#### ACTIVITY:
Restate all the lines below word for word, but omit the pictures.

#### DATASET EXTRACT:
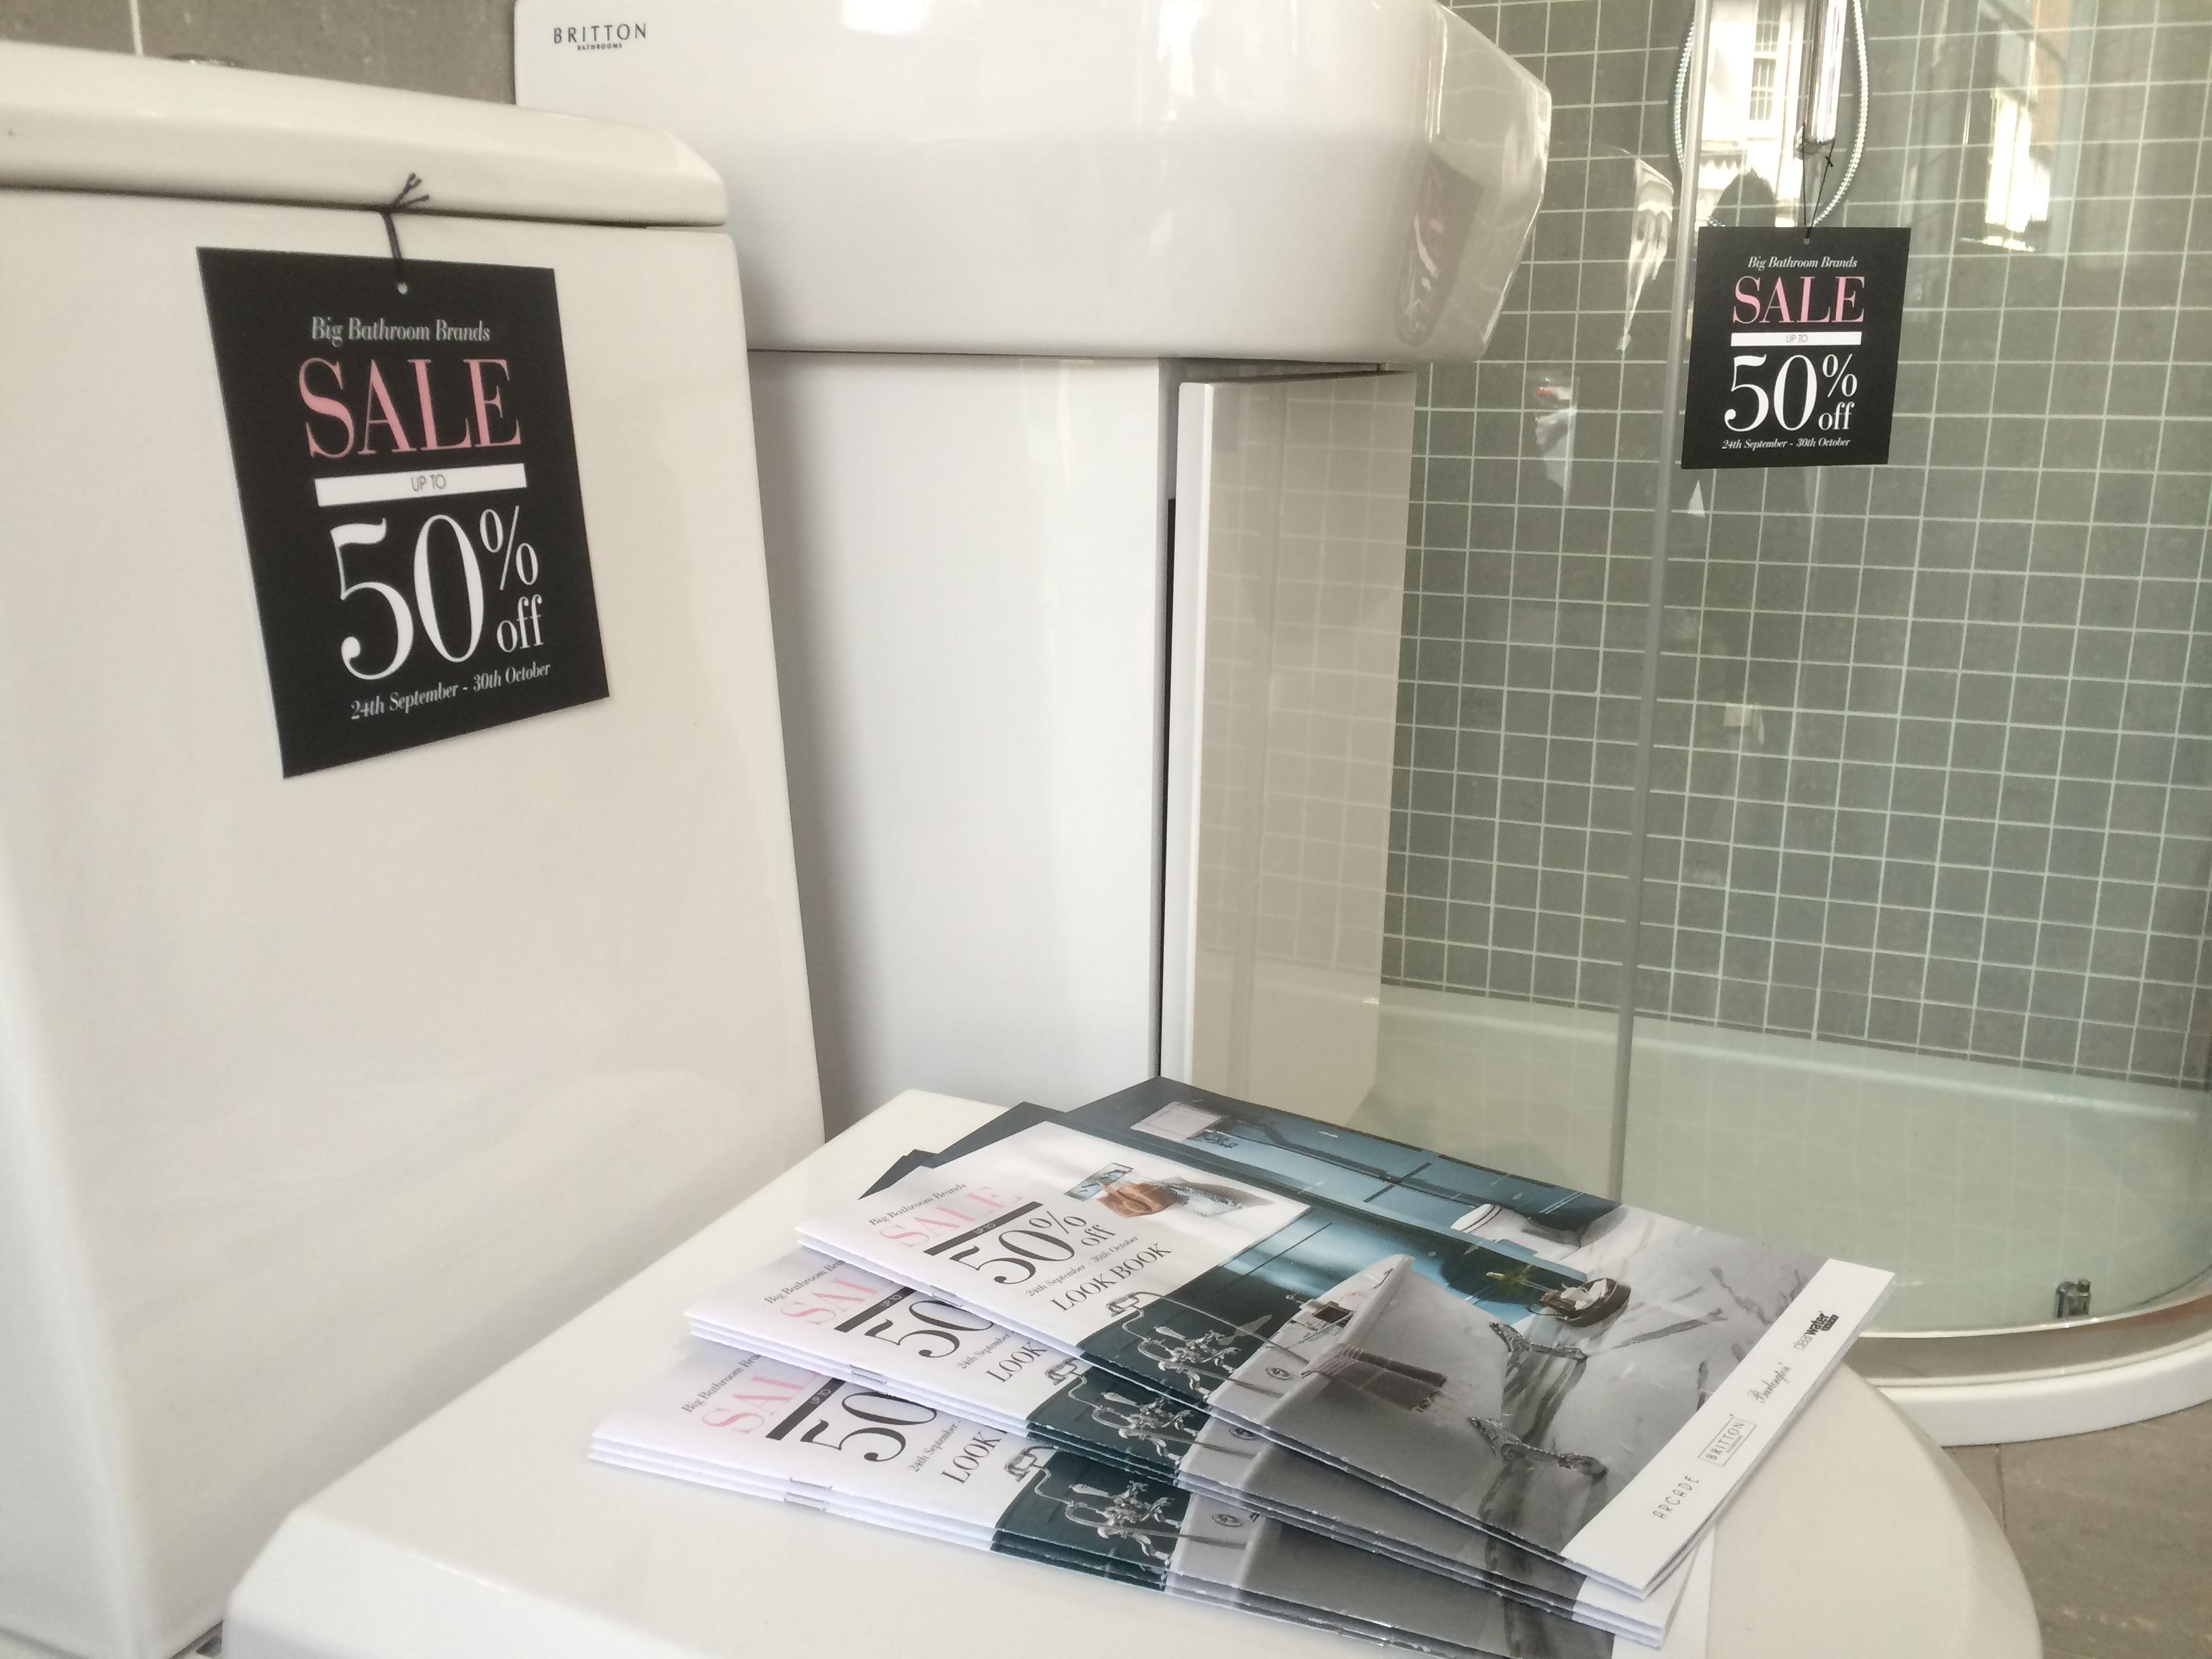 Big Bathroom Brand Sale
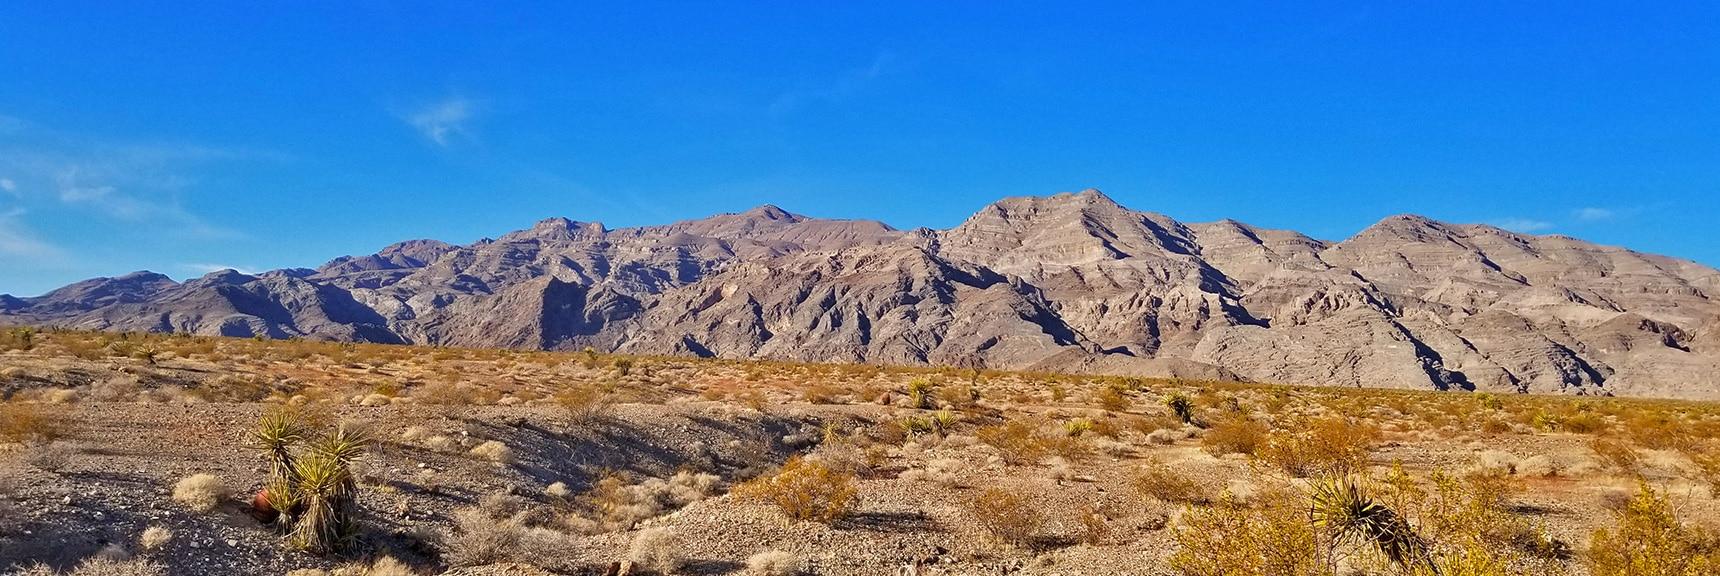 Gass Peak Viewed from Base of Pass at Power Lines | Gass Peak Road Circuit | Desert National Wildlife Refuge | Nevada
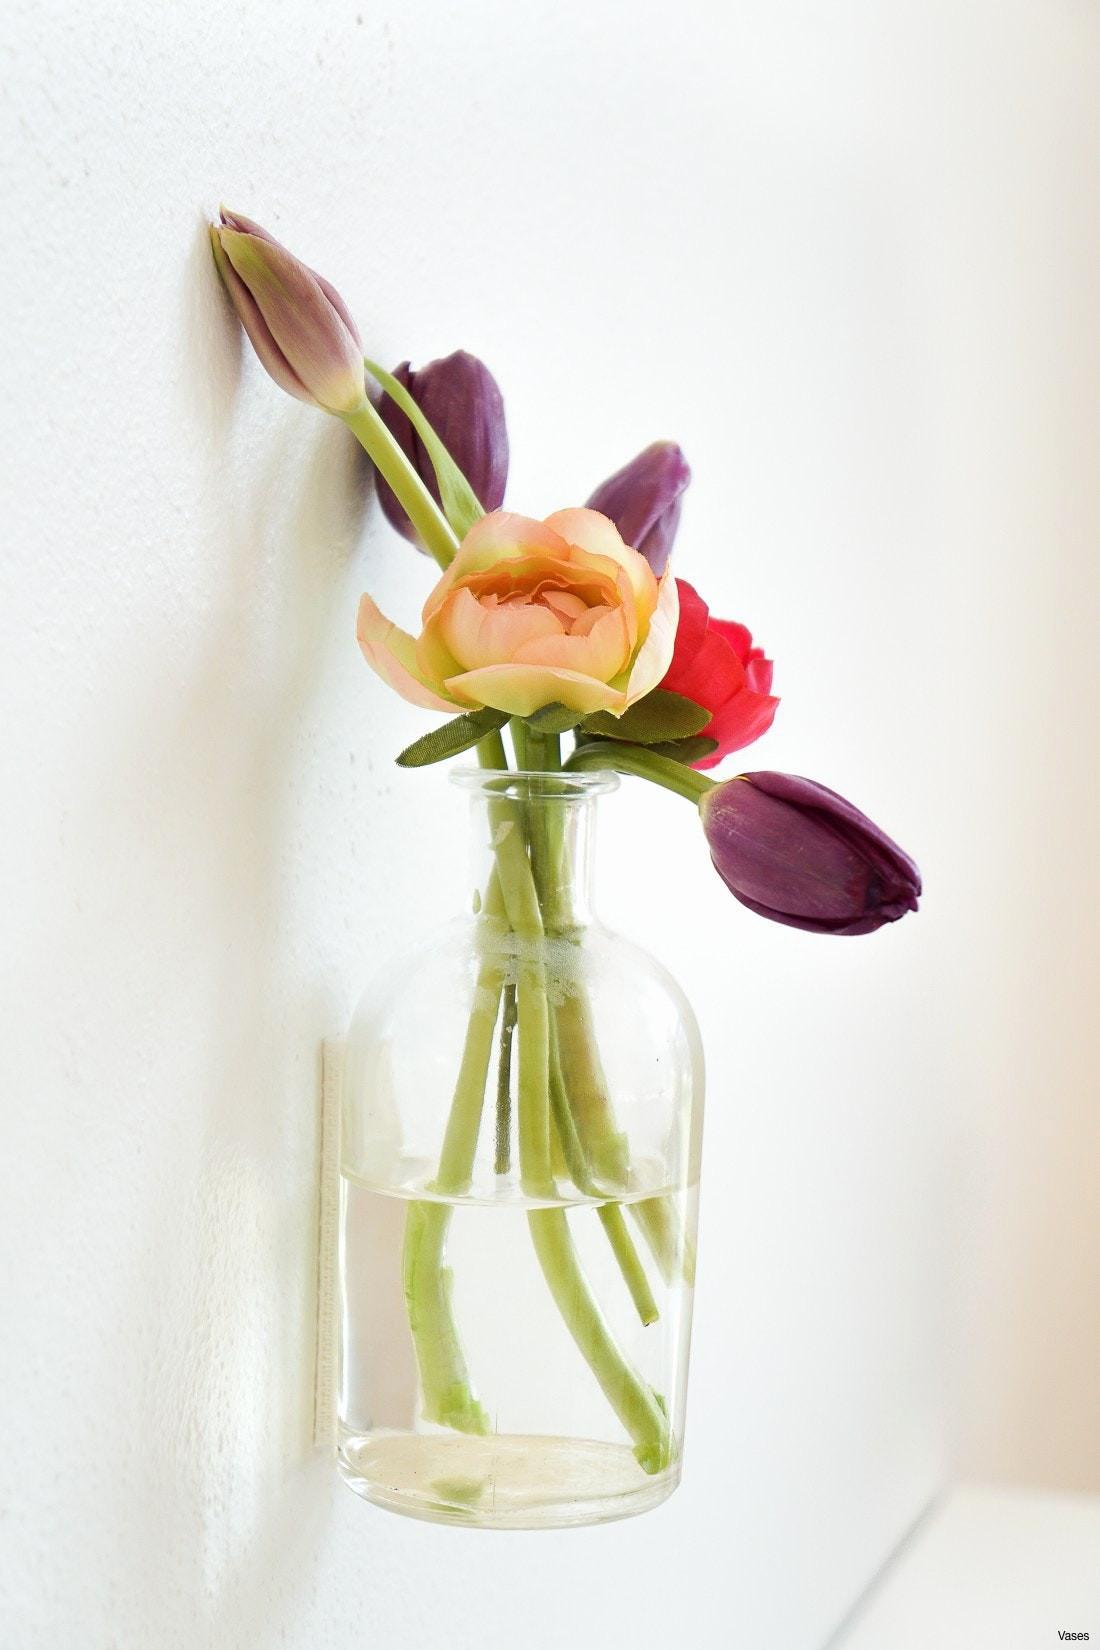 Round Vase Flower Arrangements Of Metal Vase Wall Decor Pics H Vases Artificial Flower Arrangements I Throughout Metal Vase Wall Decor Pics Metal Wall Art Panels Fresh 1 Kirkland Wall Decor Home Design
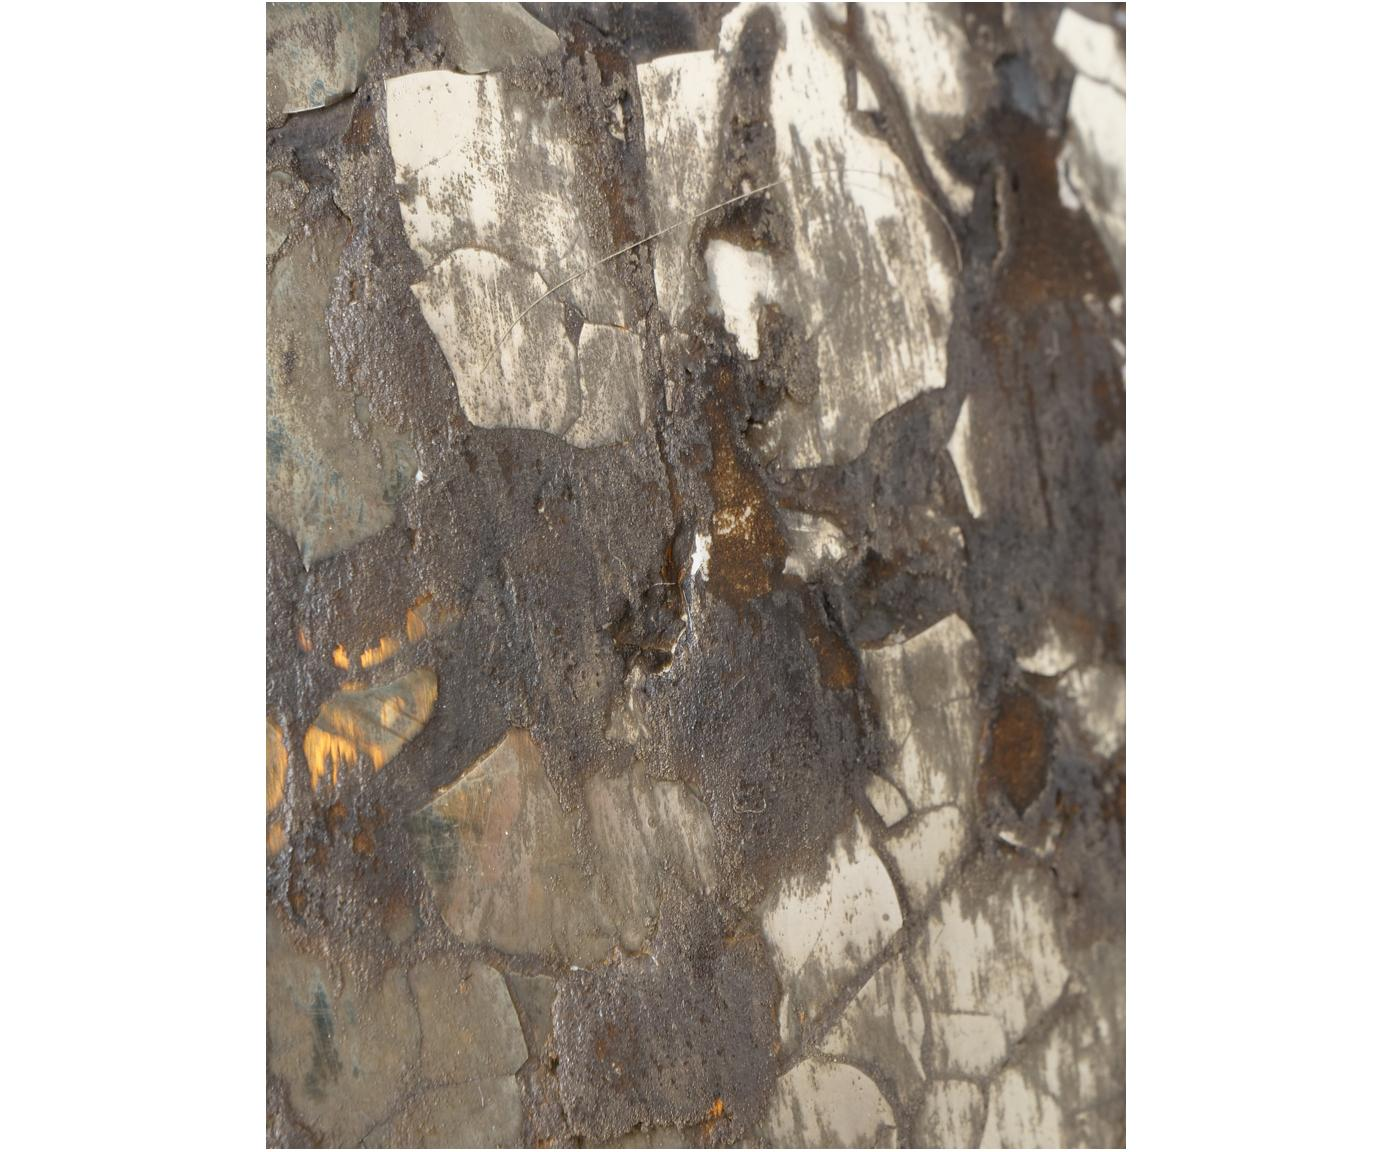 Set 2 portacandele Kyritz, Vetro, Marrone, argento con finitura anticata, Ø 12 x Alt. 13 cm

#### REPLY:
 Big Bathroom Brand Sale
 Gass Peak Viewed from Base of Pass at Power Lines | Gass Peak Road Circuit | Desert National Wildlife Refuge | Nevada
 Round Vase Flower Arrangements Of Metal Vase Wall Decor Pics H Vases Artificial Flower Arrangements I Throughout Metal Vase Wall Decor Pics Metal Wall Art Panels Fresh 1 Kirkland Wall Decor Home Design
 Set 2 portacandele Kyritz, Vetro, Marrone, argento con finitura anticata, Ø 12 x Alt. 13 cm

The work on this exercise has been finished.